Big Blunkett – Back from Obscurity

In the wake of the government’s utter incompetence – well, the latest manifestation of it – this week, that nasty, ignorant authoritarian arsewipe, Big Blunkett crawls out of the rotten woodwork to peddle his new employer’s wares:

The database is simply about identity — not about the plethora of information that already rests elsewhere. It will actually make it easier to protect your identity, including in circumstances such as these where information has gone missing. This is because it gives an absolutely robust form of identification that stops other people being able to pretend that they are you, simply because they’ve got hold of some of your personal details. It will allow a proper check to be made between your own biometric and that held on the database, giving greater protection.

As Dizzy points out, this is pure bunkum, Gold plated bunkum, but bunkum for all that (which is nothing new from this foul begotten canker on the shit encrusted arse of Westminster). Here, Blunkett merely underlines his utter ignorance of data management and IT systems. That he is deeply stupid and ignorant is bad enough – and he is entitled to tell the world just what a fuckwit he is (free speech and all that), but one would, at least, expect him to express some small mote of honourable behaviour and declare his interest in shackling us all to the state, wouldn’t you? Ah, but honour and a NuLabour politician are not words that sit comfortably in the same sentence. An oxymoron, perhaps, with the emphasis on the final syllable.

Earlier in his epistle, this jackanape engages in a side-swipe at refusniks:

This is simply a diversion by those who have never wanted ID cards anyway, and who do not appear to have ever understood them.

Oh, we understand alright – it is Blunkett and the other unreconstructed communists who do not.

Or perhaps they do…

Think about it, identity cards offer no solutions to any problems that we might have. Desperately looking for a problem to fix, the obvious one is the one that ministers would rather not discuss; that of exerting power over the populace. That is why these evil people want this scheme – because they will benefit, not us. We don’t need them and after the debacle just experienced, people are just waking up to how untrustworthy government can be with personal information, so we don’t want them, either.

As far as my protection is concerned, the only person who should be charged with that is me. I do not require any “secure” management of my identity from these incompetent, corrupt identity thieves. It is not up to Blunkett and the rest of the nest of cockroaches to have access to my information without my consent (and they do not have my consent). It is not up to them to decide what is or is not secure for my data – I will be the judge of that; and the government is not a body in which I would trust anything, let alone anything so valuable as my personal information. The state is subservient to me, not the other way around. I do not and will never consent to this scheme, to the point of open refusal to cooperate.

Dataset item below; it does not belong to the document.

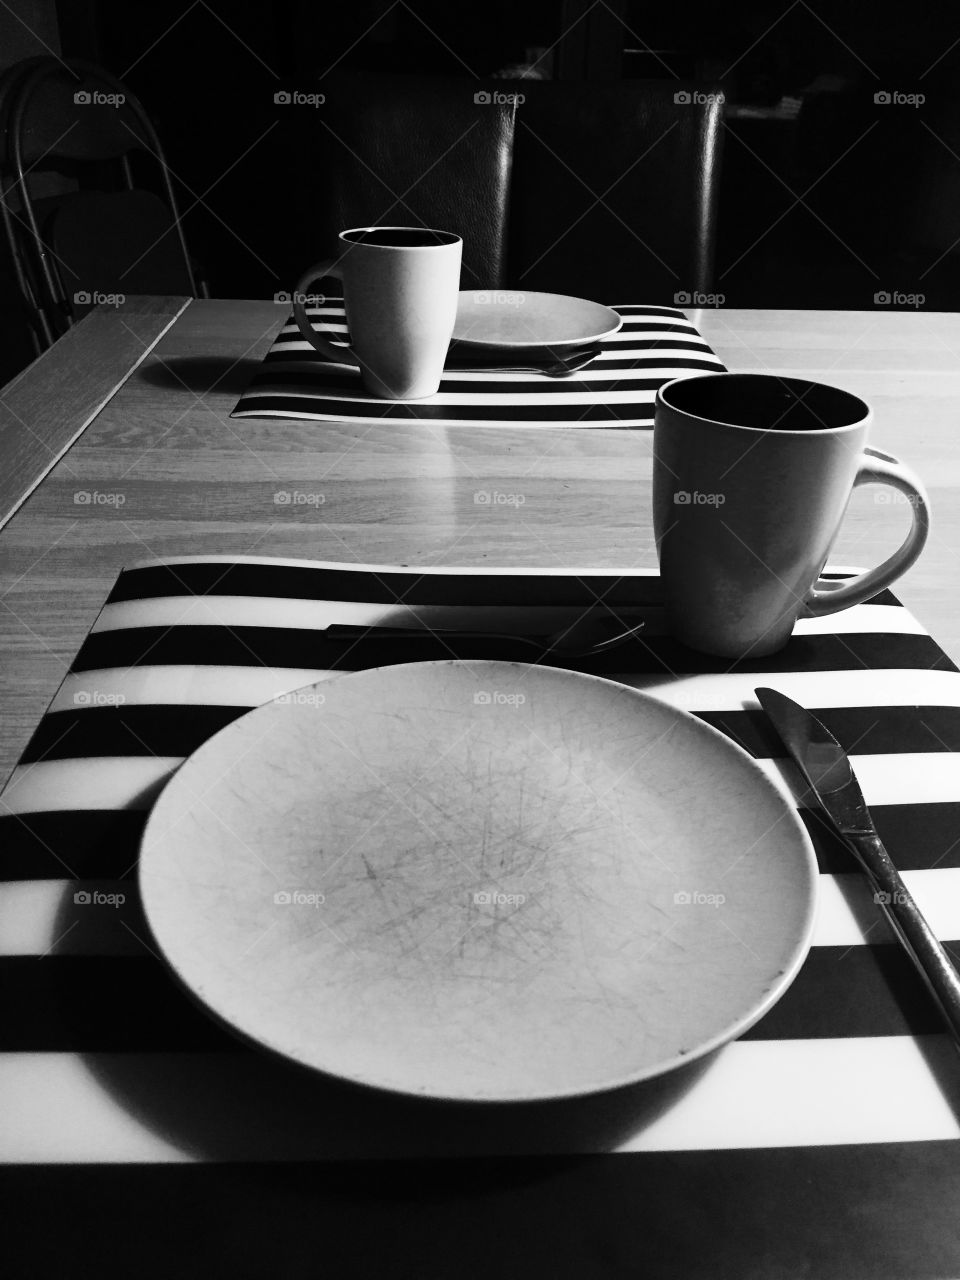 
Cups and plates - Morning rituals

That so few people understand this is the problem that government faces in persuading people that such a system will be better then any other, precisely because it will be robust, efficient and verifiable.

Words fail me. What a bollockbrain this man is.

Mr Eugenides also picks up on the story.

3 Comments

  1. I don’t think that the ID card thing is particularly about power over the populace.

    The key to this is, there will be multi-billion pound contracts up for grabs, with massive profits for the lucky winning bidders, who might just make the rational calculation that a judicious donation of a million pounds or two to Nulab, plus a couple of directorships for ex-Cabinet ministers, could swing things in their favour …

  2. From the point of view of the vultures circling the corpse, yes. From the point of view of ministers and more importantly the control freaks in the civil service, it is all about control.

  3. The fact that it will also be a way of transferring billions of pounds from taxpayers to the corporations is certainly relevant, and provides a motive for the players involved, but I agree with the post. The ID card is primarily about state control.